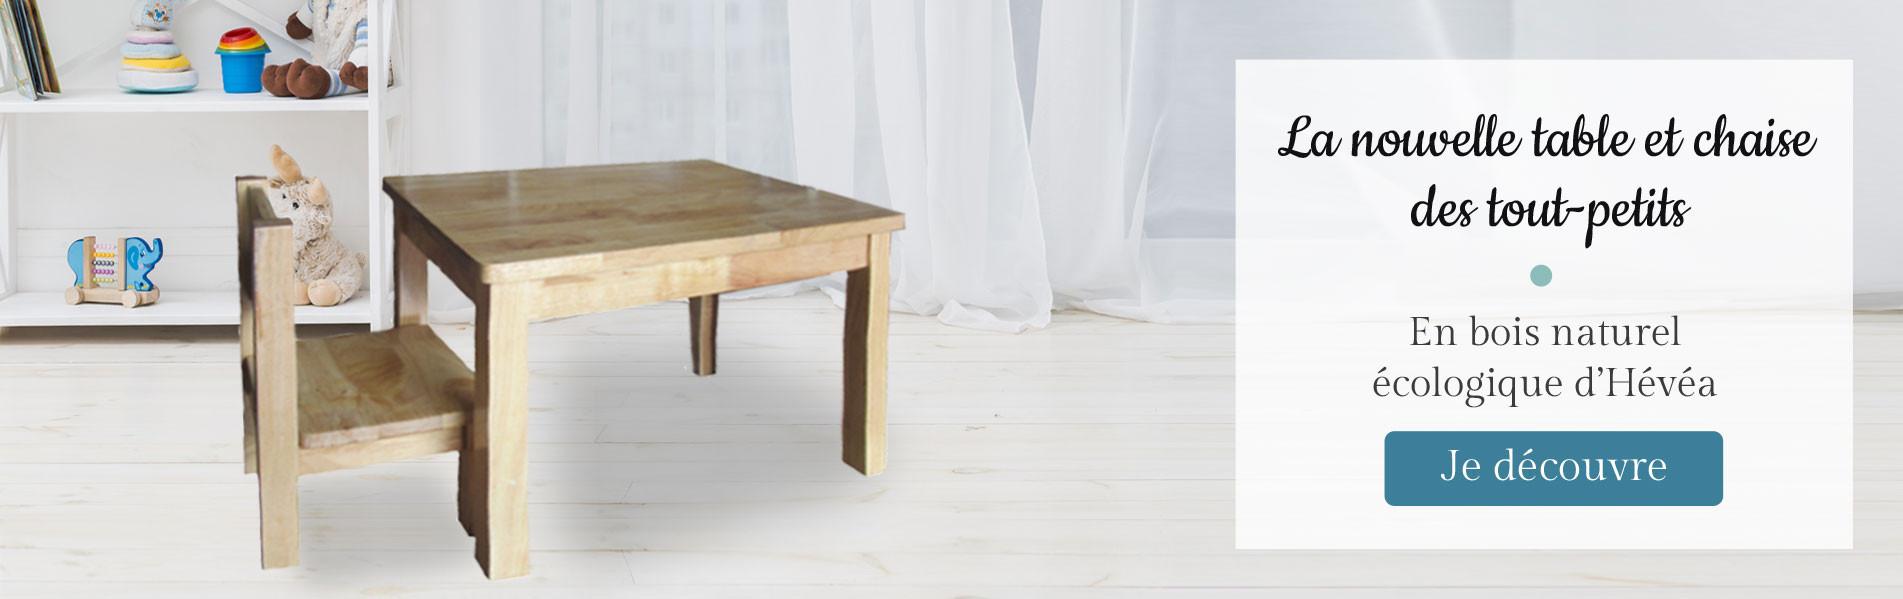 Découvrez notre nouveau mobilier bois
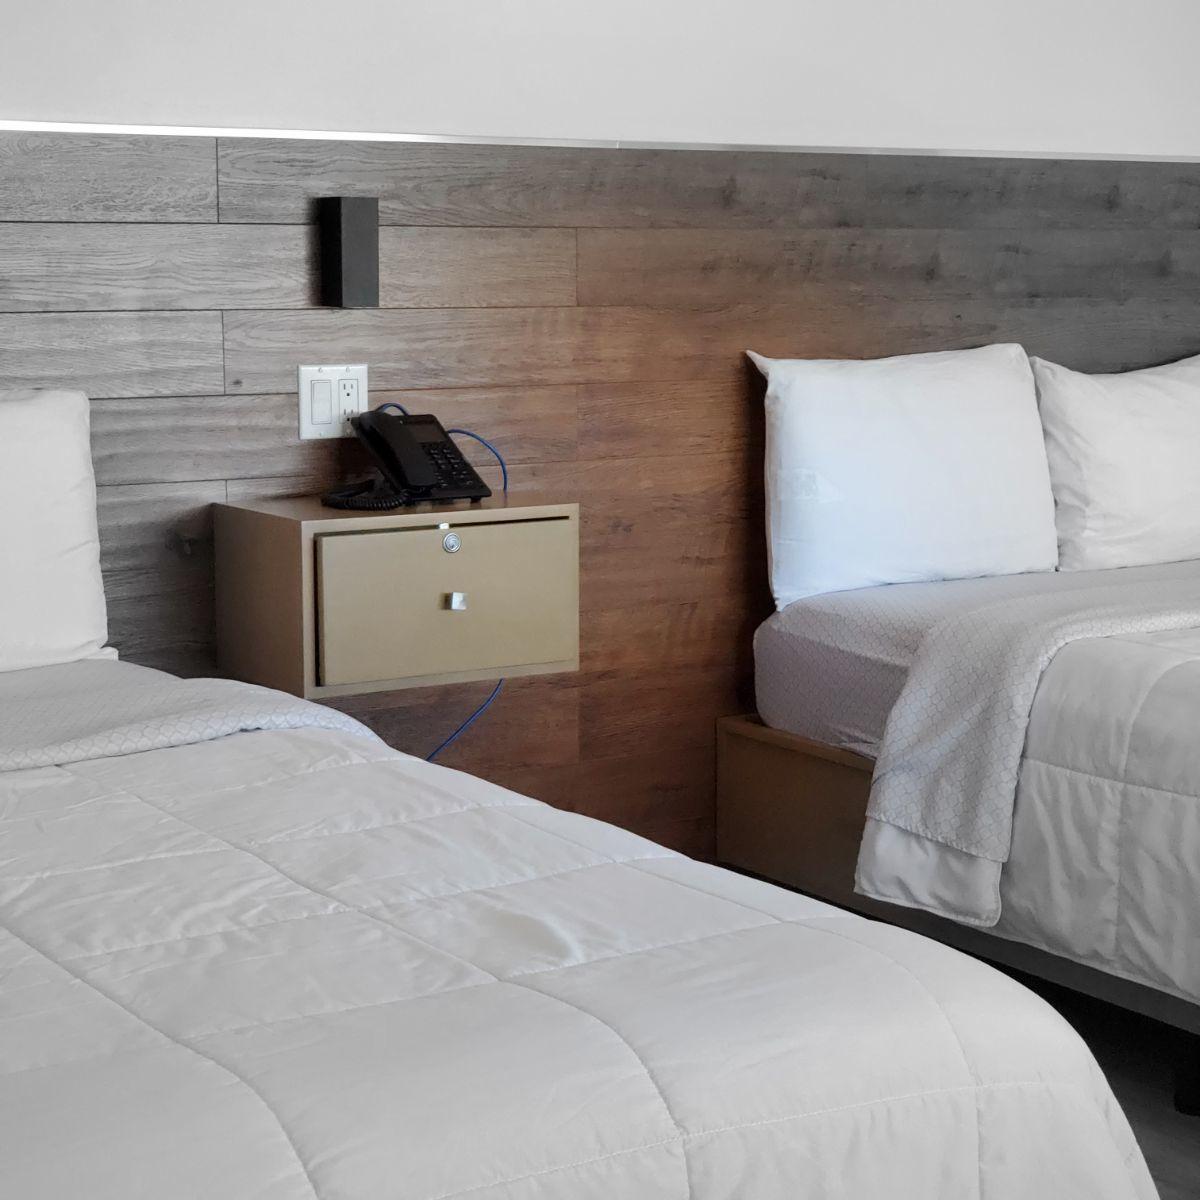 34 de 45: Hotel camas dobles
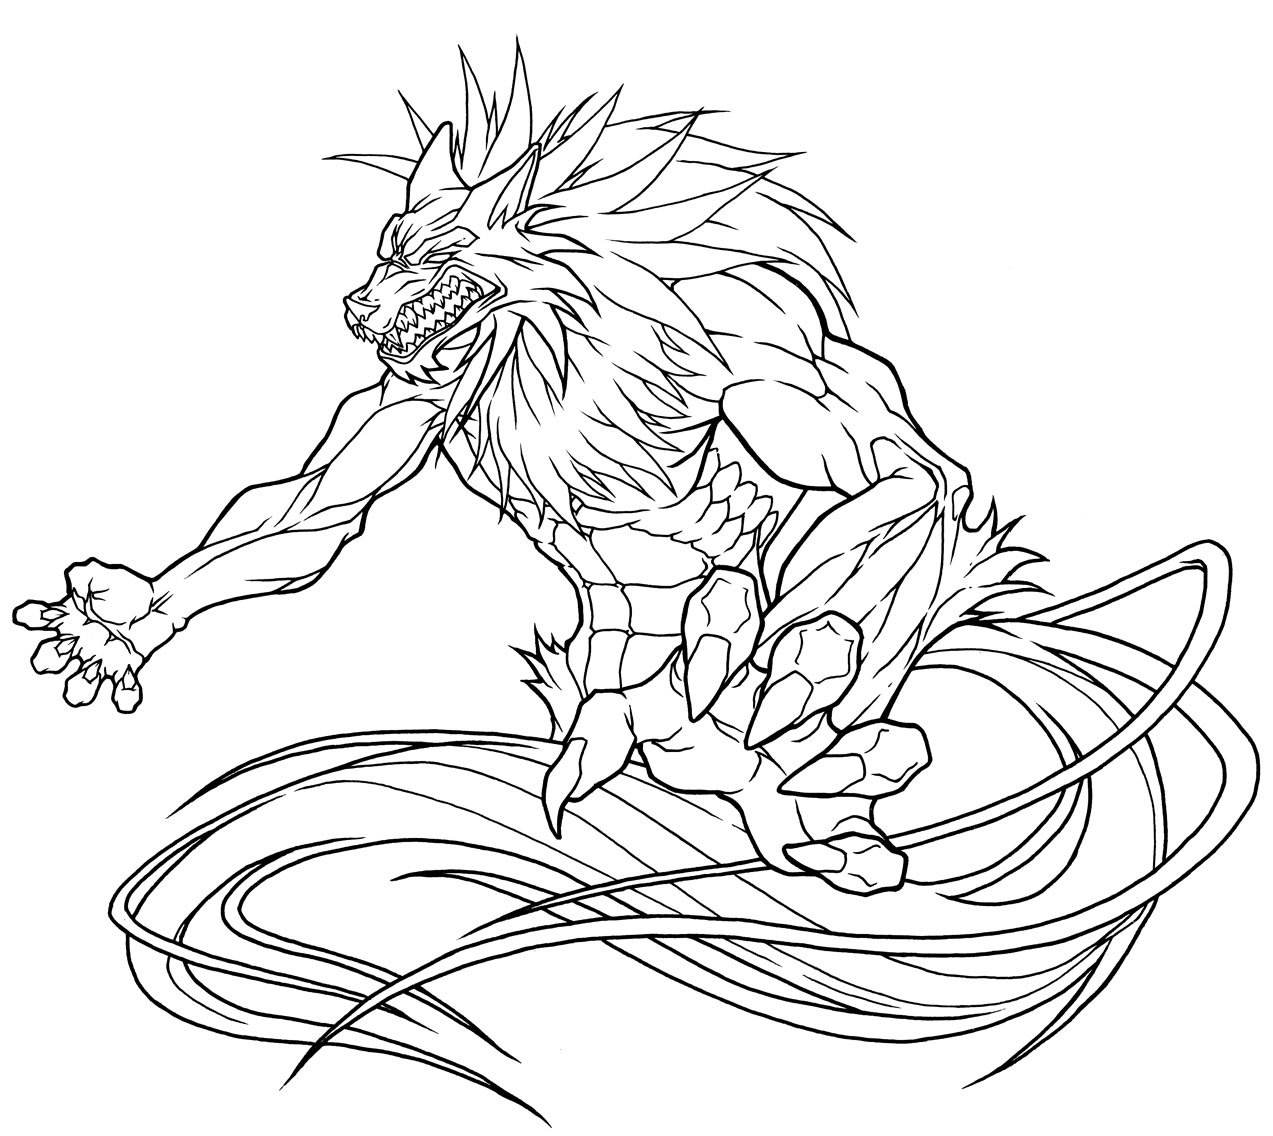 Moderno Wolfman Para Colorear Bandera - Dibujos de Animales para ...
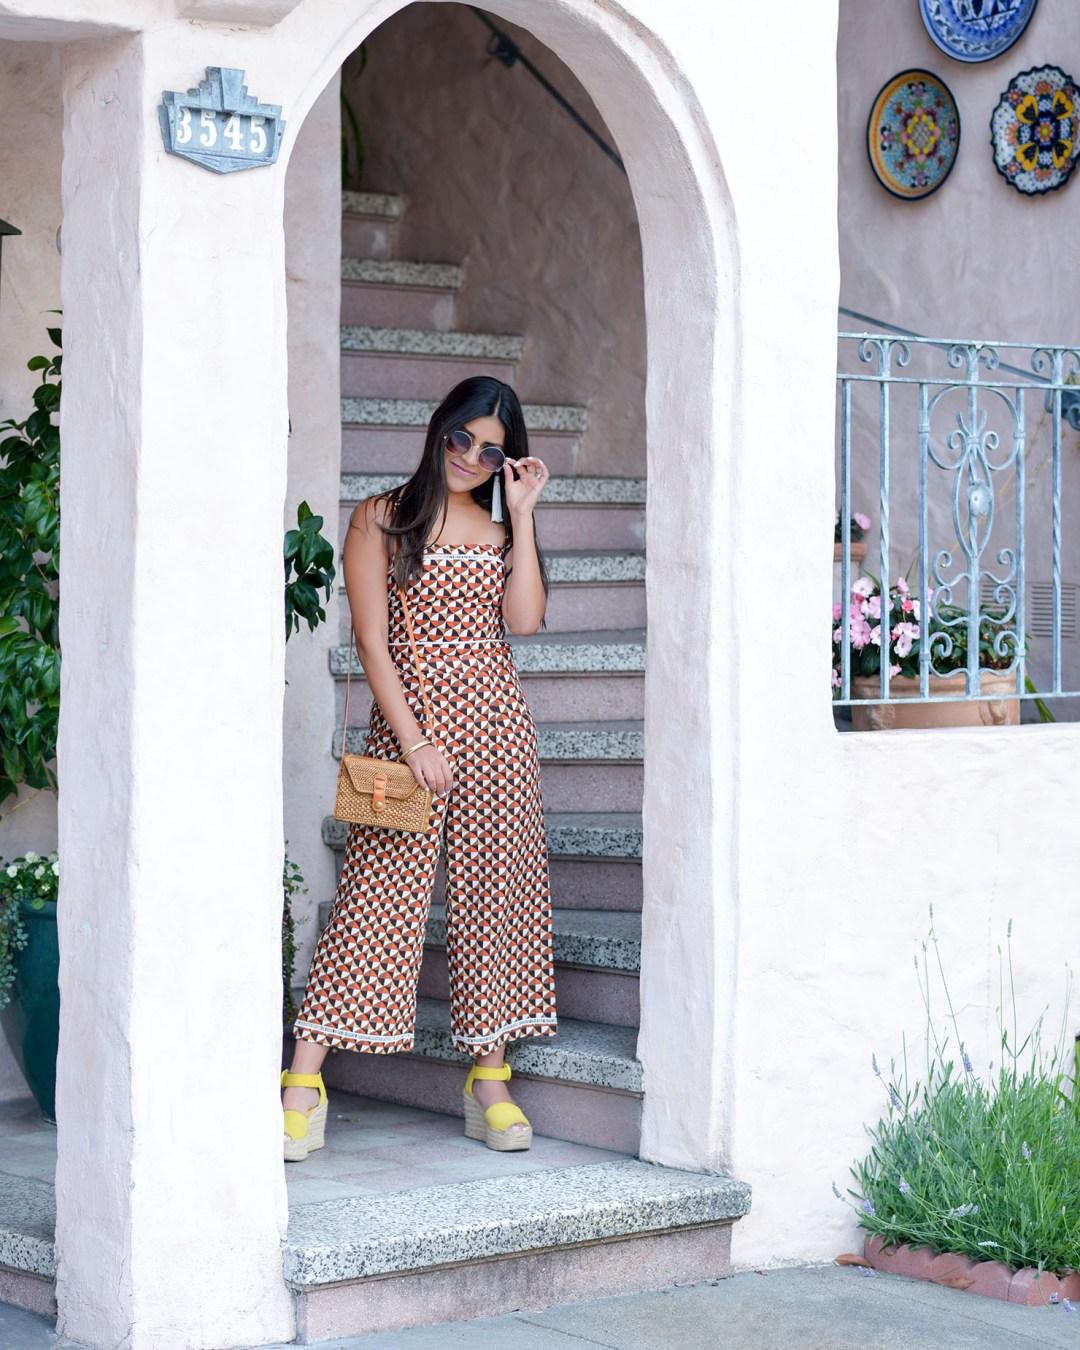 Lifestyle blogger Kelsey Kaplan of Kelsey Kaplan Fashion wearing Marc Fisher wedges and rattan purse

● ● ●

» Task goal:
Return the listing above in an exact copy that leaves out the images.

» Result:
 Découvrez notre nouveau mobilier bois
 34 de 45: Hotel camas dobles
 Moderno Wolfman Para Colorear Bandera - Dibujos de Animales para ...
 Lifestyle blogger Kelsey Kaplan of Kelsey Kaplan Fashion wearing Marc Fisher wedges and rattan purse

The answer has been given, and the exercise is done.